Once a partnership or joint venture is established, agency need not be proven to show that one partner or venturer was authorized to act for another. ORS 68.210(1). VDC bound the venture by signing the earnest money agreement as seller of the whole undivided interest in Family Acres.
The final question is whether the earnest money agreement was a binding, final agreement. Defendants do not contend that any requisite elements of an earnest money agreement are lacking, thus preventing specific enforcement of the contract. Cf. Southworth v. Oliver, 284 Or. 361, 380, 587 P.2d 994 (1973) (absence of agreement upon terms of security provisions will not prevent specific enforcement of an earnest money agreement otherwise sufficiently definite and certain). Instead they argue that the earnest money agreement was only "an agreement to agree," subject to an oral condition that Leonard assent to the transaction. The parties, however, stated in the contract that the agreement was essentially complete:
"The buyer and seller will enter into a standard land sales contract as soon as possible after the execution of this agreement. Consumation [sic] of this agreement subject to agreement on minor details of contract. All major items such as price, interest, payments schedule have been covered in this contract." (Emphasis added.)

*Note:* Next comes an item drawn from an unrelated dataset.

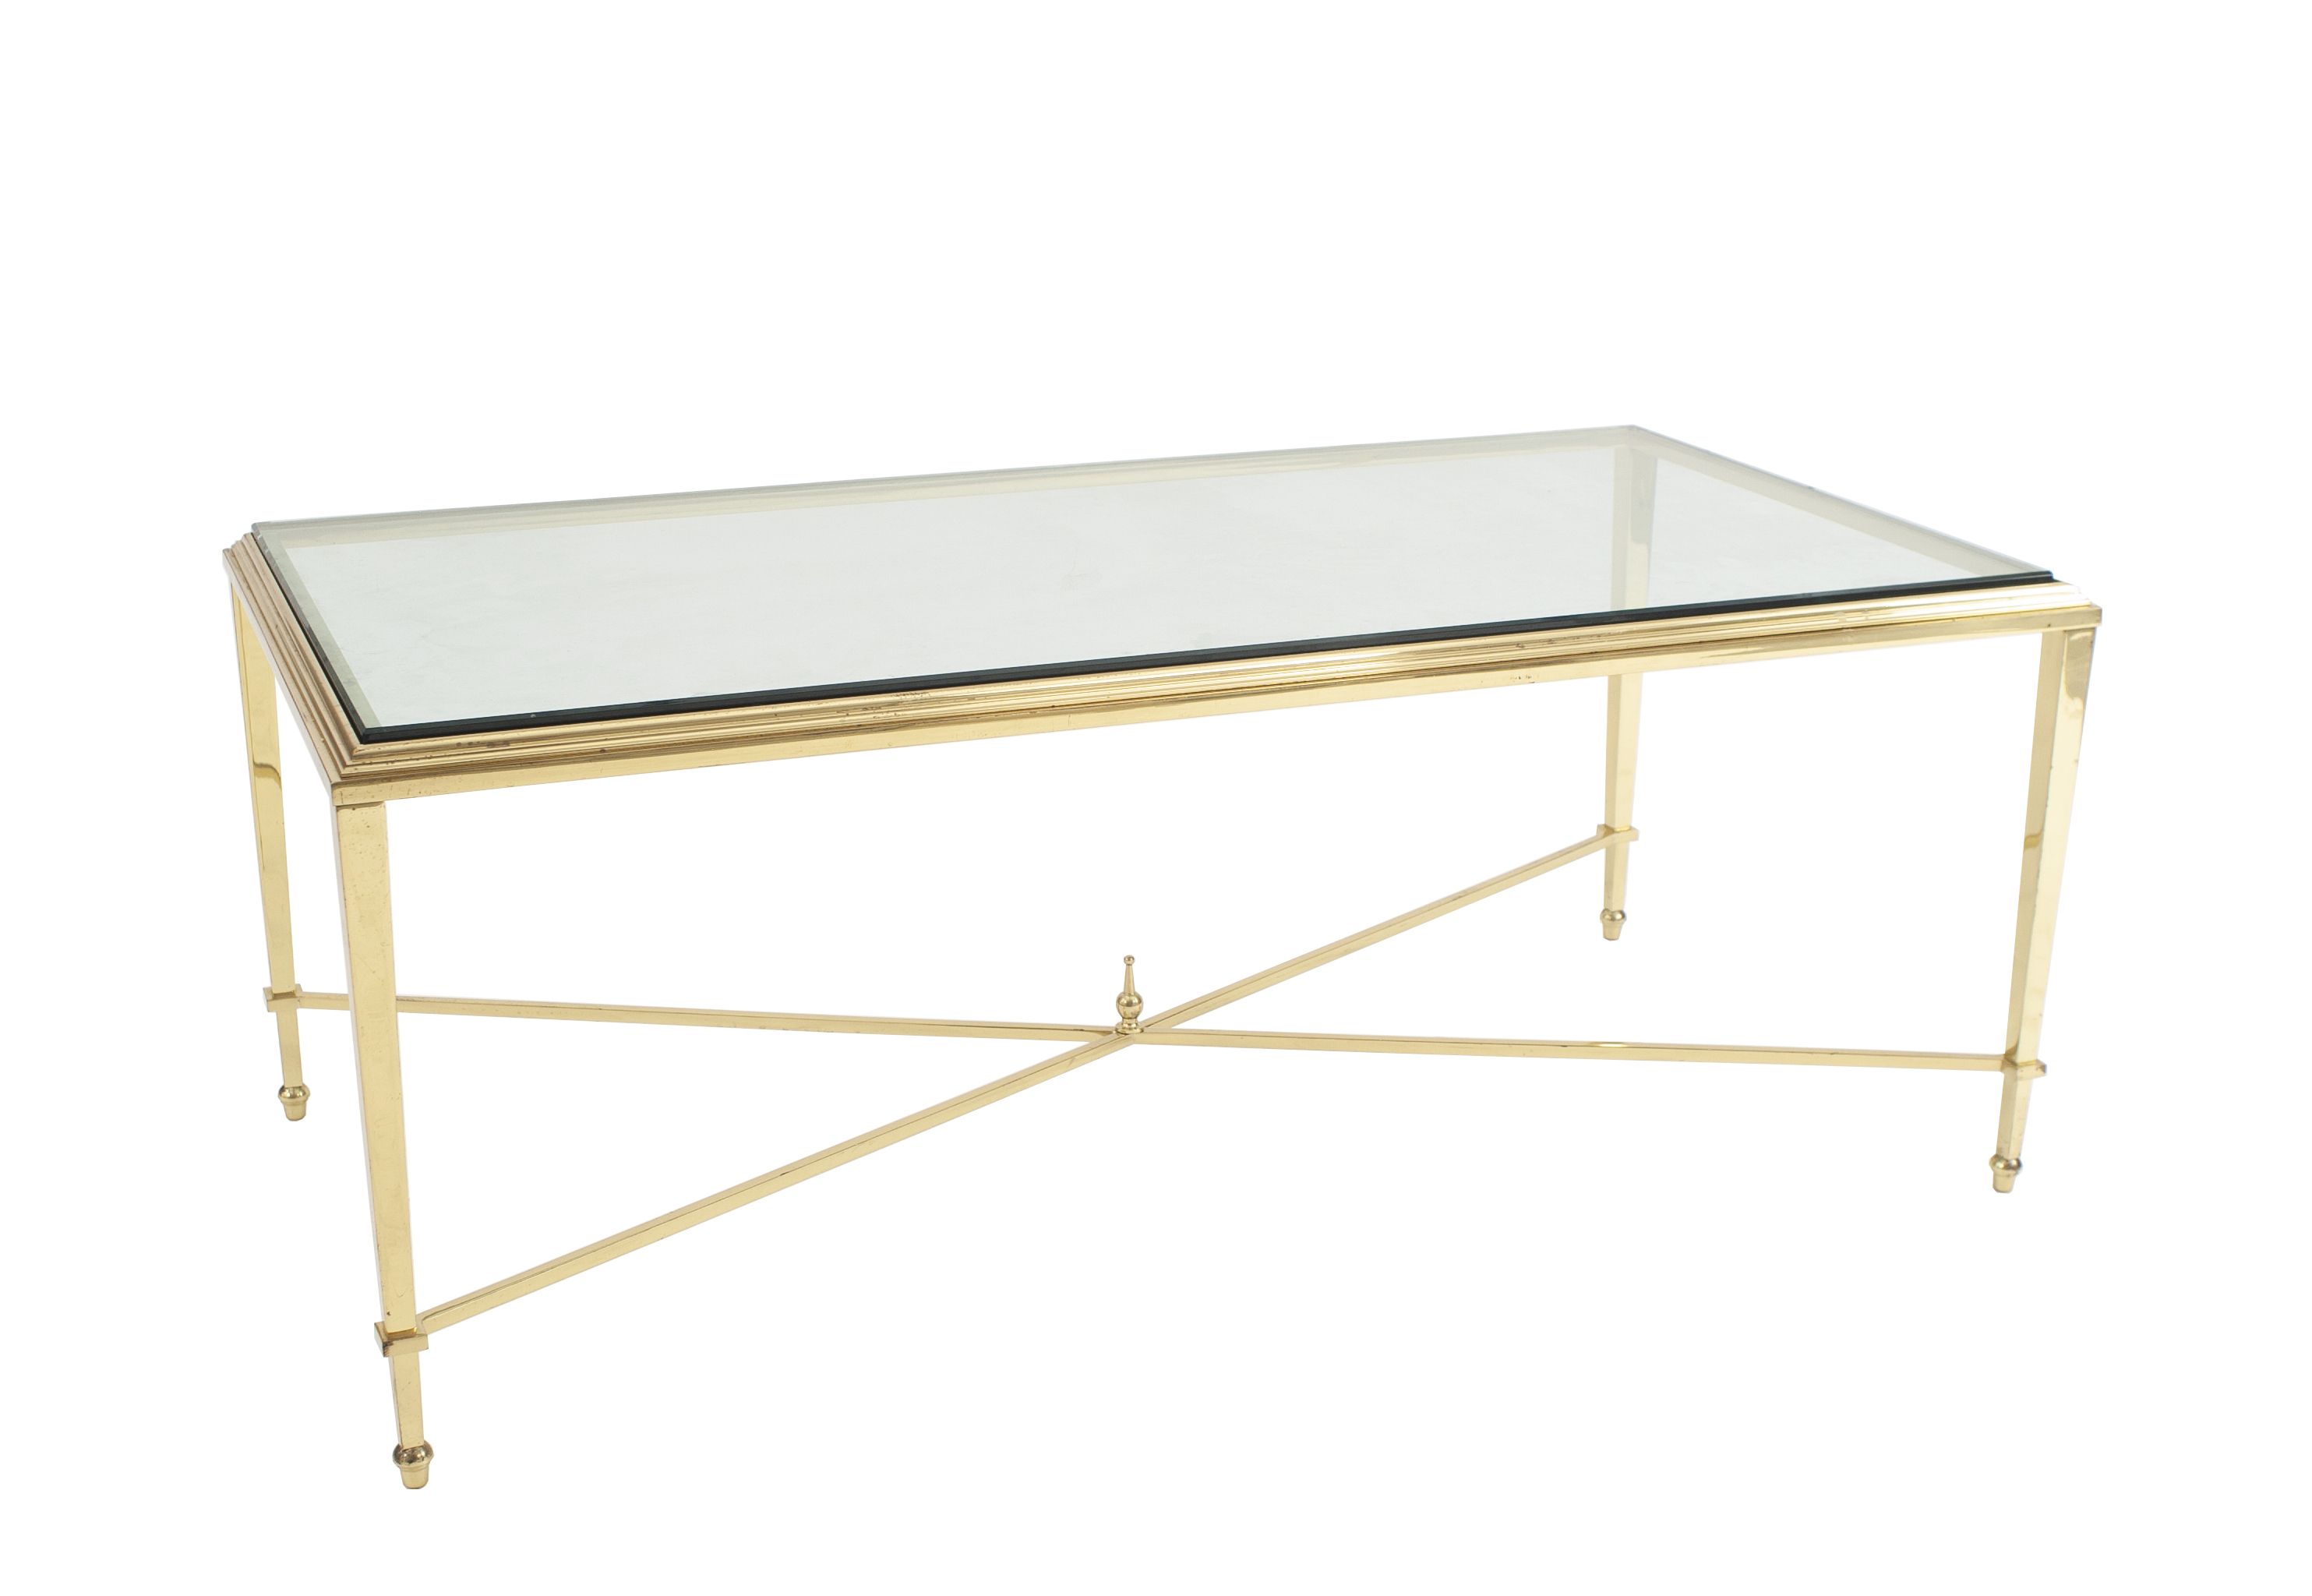 Well Known Contemporary Brass Rectangular Coffee Table With A Tiered Edge And Within Rectangular Coffee Tables With Brass Legs (View 6 of 20)

In Hatley v. Stafford, 284 Or. 523, 534, 588 P.2d 603, 609 (1978), in discussing the admissibility of parol evidence whenever a party to a contract claims a writing does not include all the terms of an agreement, the Supreme Court said:
"The court should presume that the writing was intended to be a complete integration, at least when the writing is complete on its face, and should admit evidence of consistent additional terms only if there is substantial evidence that the parties did not intend the writing to embody the entire agreement. Hale, The Parole Evidence Rule, 4 Or.L.Rev. 91 (1925)."
Defendants here maintain that their intent was that Leonard had to approve the sale; but his formal assent was not necessary, as we have seen, to bind the partnership. The "condition" upon which defendants would rely was at most nothing more than a mistaken perception of the legal effect of the earnest money transaction.
We conclude that plaintiff is entitled to a decree of specific performance of the earnest money agreement. This case is remanded to determine if the property has been sold to third parties, thus making specific performance impossible. If that is so, the trial court will retain jurisdiction to ascertain the amount of damages, if any, to which plaintiff would then be entitled. *1198 Wittick v. Miles, 274 Or. 1, 5, 545 P.2d 121 (1976).
Reversed and remanded.
NOTES
[1] At trial Vandehey acknowledge that he and VDC were "in fact one and the same."
[2] Defendants do not now argue that the earnest money agreement is unenforceable for that reason.
[3] Hence, we do not attempt to characterize two previous transactions of defendants in the business of land subdivision and resale in terms of partnership; that determination would not necessarily be dispositive of the nature of this project.